End of a Long Winter

from Experiments in Belief

I saw one today. She was a little leprechaun. Green overalls, a Sim-Monsters Frog Helmet, green eyes. Terribly bright green eyes. We all stared and stared, like we were watching a visitor from another planet. She was trying to climb on the back of a dog her mother had on a leash--and failing, squealing gleefully every time the poor animal wriggled free of her legs. I'd forgotten what a delight the world can be to a child. It was all hers--the dog, the wide lawn of the park, the spring day, all of us watching--and she loved it. She made me so happy, just being alive.

There is hope for the human species. You might not believe it, looking around this dreary little gameshow we've made of our world, but human nature--what we get from our biology--is full of trust and wonder and kindness. She still had hers. Though her mother clearly wanted to hurry past the bench I occupied, the dog came sniffing at my shoes, and the little girl--bless her heart!--told me I looked all "crinkly."

She said that because I was over eighty when the Therapy was developed; though people around three-hundred look fine, at three-hundred fifty I look like an old raisin. "I'm an old man," I said, cheerfully.

"How old are you?" She smiled, rocking on her heels.

I told her.

The number was too big. She covered her confusion with a bashful smile. "I'm four," she said, holding up the fingers for me to count.

Nearby, the mother stood stiff and patient as a servant, uncomfortable but conscious that her daughter should be allowed to feel at ease. "I'm sorry," she said to me in a confidential voice.

I did not have to reply. Delight and fascination were written all over my old face.

"Can I touch the crinkles?" asked the girl, in perfect innocence. She raised her arms to be lifted onto my lap. I asked the mother if it was okay, then brought the girl side-saddle onto my leg.

Little hands moved over my cheeks and nose. I couldn't help but laugh, like I'd been tickled. How could such a small creature be so alive and intelligent?

"It's soft," she said with surprise.

"I'm not made of wood," I said. "I'm a person, just like you and your mother and everyone else."

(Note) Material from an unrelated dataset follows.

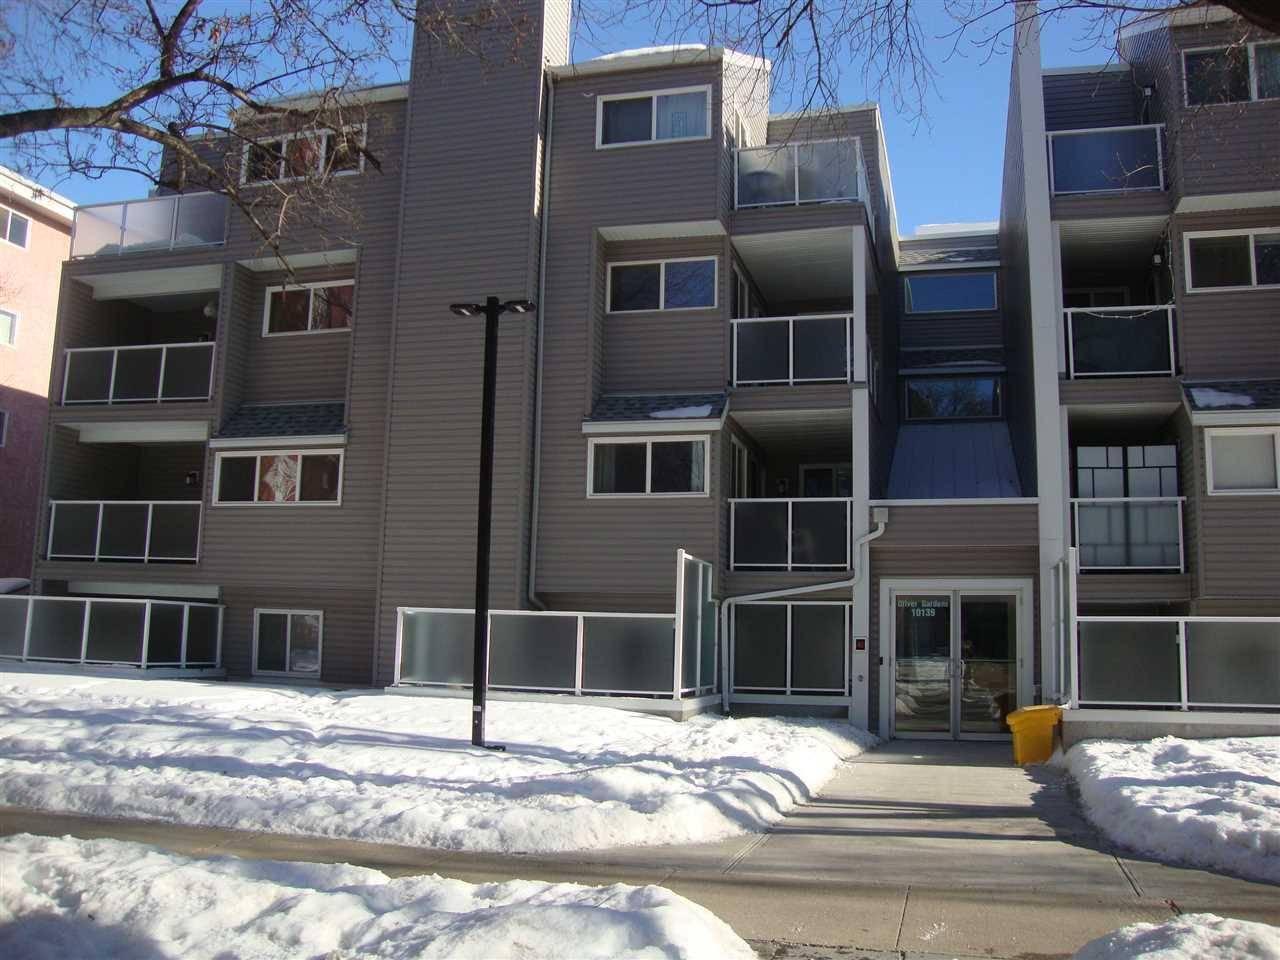 Condo for sale at 10139 117 St Nw Unit 207 Edmonton Alberta - MLS: E4186975

"My face isn't soft," she replied.

Tiny fingers made fists and tried to make taffy out of my chin.

"Be nice, Julie," said the mother. "The gentleman isn't a toy."

Obediently, the girl removed her hands, her green eyes flashing. She smiled, pleased and guilty. "When I get old, I'm going to be like you."

"No, no." What a silly thing to say. "No one gets wrinkles anymore. You'll always look young and pretty, like your mother." The mother shivered. I became more aware of her discomfort, the discomfort of my grandchildren's generation, who associated marks of age with disease, as though growing old had once been a virus, like smallpox.

"Why?" asked the girl.

"People live forever."

"Why don't you die?"

"I live forever, too."

"I wish they could make you better."

The mother took the girl away then, apologizing emphatically. I wasn't offended and tried to tell them, but off they went, the mother embarrassed, the daughter absorbed in the dog again, the next game.

I was lucky, though, to have actually held one of the New Children, and it made my day. I went back to the little suburban house my great-grandchildren are always pestering me to lease them, had my can of Nanospam on the balcony, and for the first time I can remember I felt genuinely pleased with the direction in which the world was moving. The Nanospam was awful, like salty tofu, but I had faith that the government would find a way to get nanites to make something a little more complex, like a good cheeseburger, and that then the earth would support a couple hundred billion people, instead of forty, and that furthermore--it seemed just around the corner--middle-income families like those of my great-grandchildren would qualify for children. If that ever happened, I would lease the house to someone in the family. The old place would come alive again, doing what it had been built for, raising children. The planet, too, would come alive for a time, perhaps for centuries, until again the population reached a maximum.

And in the meantime, the world was not so bad, not the way it was a century ago, when everyone was old and getting older. I'm so glad the government has allowed some children to be born. It will make all of our lives a little easier.